PEX Replumbing

I just finished replumbing my attic with PEX. As suggested in other posts I ran all the lines first before disconnecting the existing steel pipe. Here in Houston, everything is in the attic, so it makes getting the job done in the winter almost a requirement. One thing I installed that I don't see any reference to, was a water manifold. I ordered one from Vanguard Maniblock from They carry a complete line of PEX supplies. It is basically a circuit braker for the water system (don't forget the special wrench to make the manifold connections). The cold supply line enters, another cold goes out to the Hot Wtr Htr, then returns hot. There is a hot and cold side of the manifold. The volume of the manifold helps keep constant water pressure to each fixture. You then run dedicated lines for each house fixture from the manifold. Any cold or hot line can be turned off independently on the manifold. It makes testing your finished work easy too. When I connected the new system, I could then turn on each fixture, using my trusty CSI flashlight checking all my connections for leaks. I only found one, in a shower gooseneck. All the PEX conncections were dry and tight. I set two inline brass ball valves in the 3/4 PEX. One on the supply side to isolate the manifold from the main line and one on the cold in line on the hot water heater. this way I can isolate the heater to replace it without turning off the water to the rest of the house.
I found a nice 1/2 and 3/4 crimper and cutter on Ebay for around $80. I did not replace all my steel verticals, in some cases I attached a collar and short extension to raise the pipe above rafter height to be able to get the PEX crimpers on at 90 degrees to the pipe.

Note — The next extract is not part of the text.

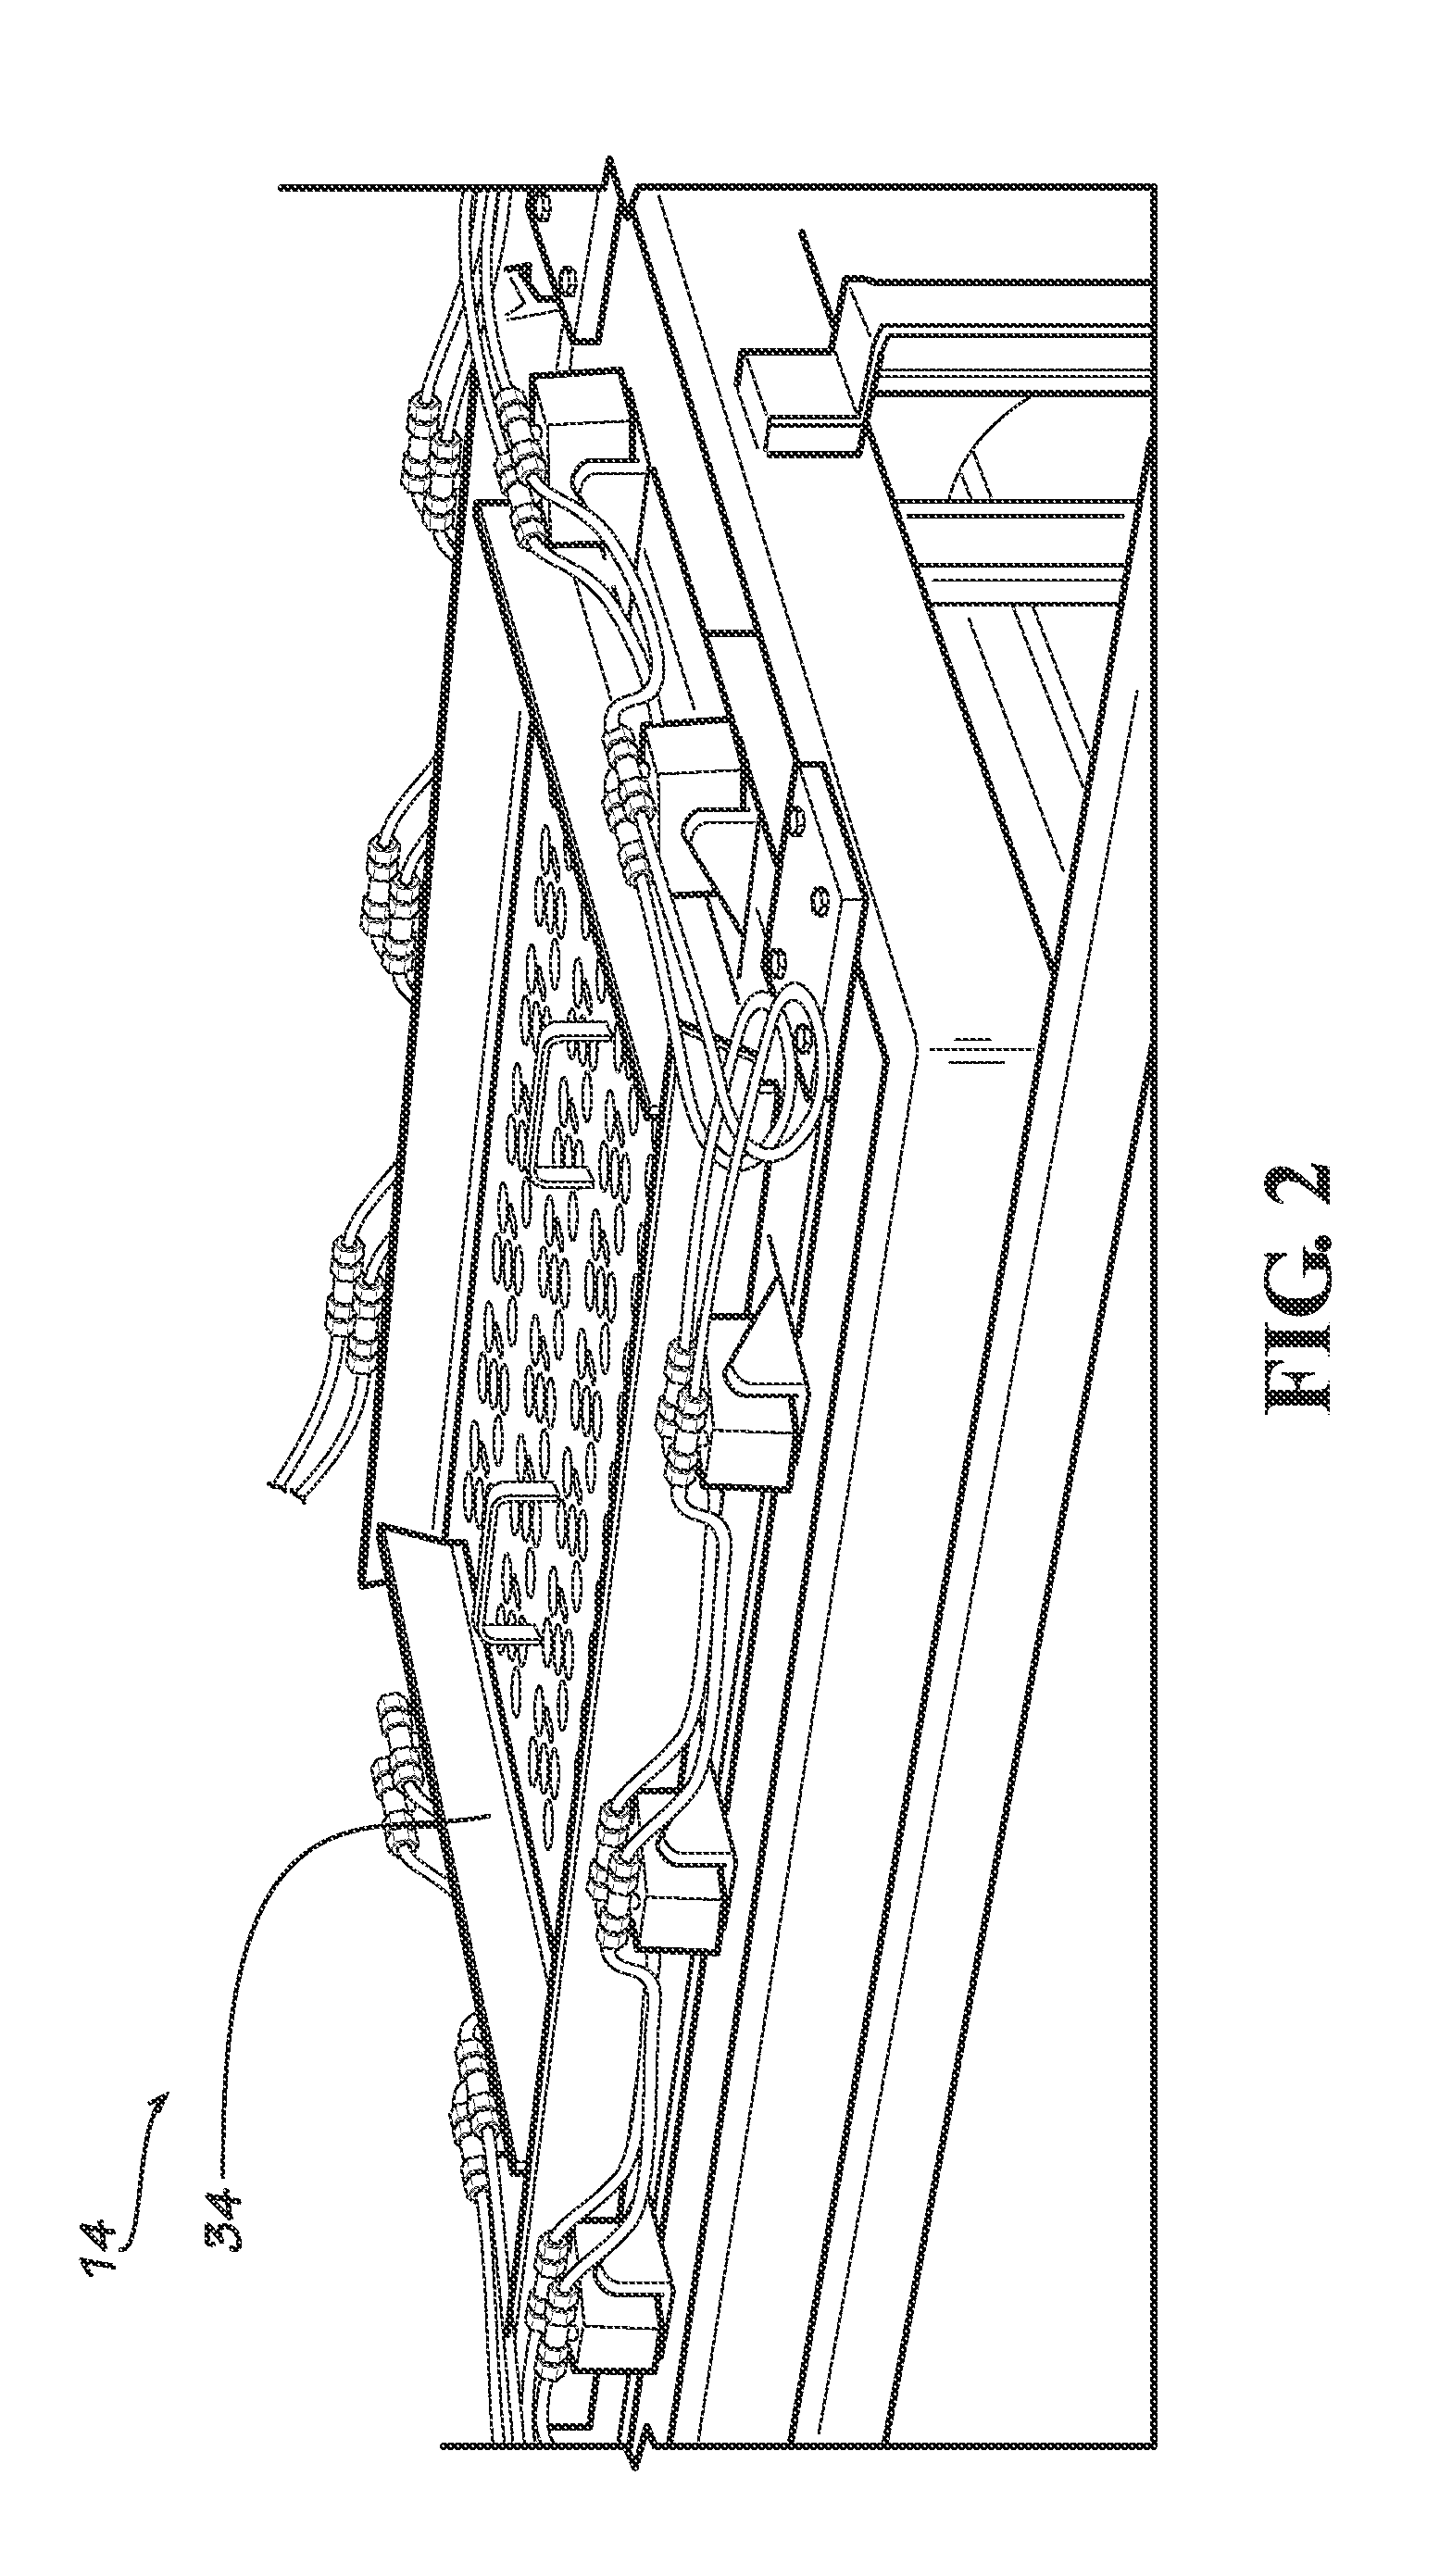 Apparatus and methods for selective thermoforming

This is a MUST. I did run PEX down the walls to both baths where I could cut the drywall inside closets to replace fixtures and backing boards. PEX requires good backing boards and special brass fittings that the PEX attaches to by way of the standard nipple, then gives a threaded recess for a spigot pipe or shower gooseneck.
My method of installation gives me the option of later running PEX down the walls and installing directly to the sinks, toilets etc. and avoids the necessity or tearing up brickwork to replace hose bibs and other nearly inaccessible fixtures. I didn't find any corroded vertical pipes, only the horizontals lying on the rafters. I cannot begin to tell you how many pinhole were on the pipe, both 1/2 and 3/4.
An important point to remember when using PEX is the water requirements of your appliances. I found the washers and even your dish washer fillers may work on a timer based on a average flow rate, and not the actual water level. So if your pressure is low, or you undersize your PEX (I would not go below 1/2" no matter what you read or are told) your washers may be running at well below the water capacity you think they are. Low water levels are hard on your washer and your clothes for that matter.
Unfortunately, a lot of the old Texas Gulf coast homes vintage 70's and 80's(and probably newer) was built by illegals learning on the job, employed by unscrupulous developers. My attic piping was a joke. No fixtures had backing boards, the plumbing was held firm by well placed gobs of mortar. The brick work of my chimney in the attic was actually propped in place by toe-nailed 2x4's ostensibly placed to keep the brick and wet mortar in place while it set.
A good reciprocating saw, with coarse metal cutting blades is a must. It enabled me to remove pipe that would have been nearly impossible to get out otherwise.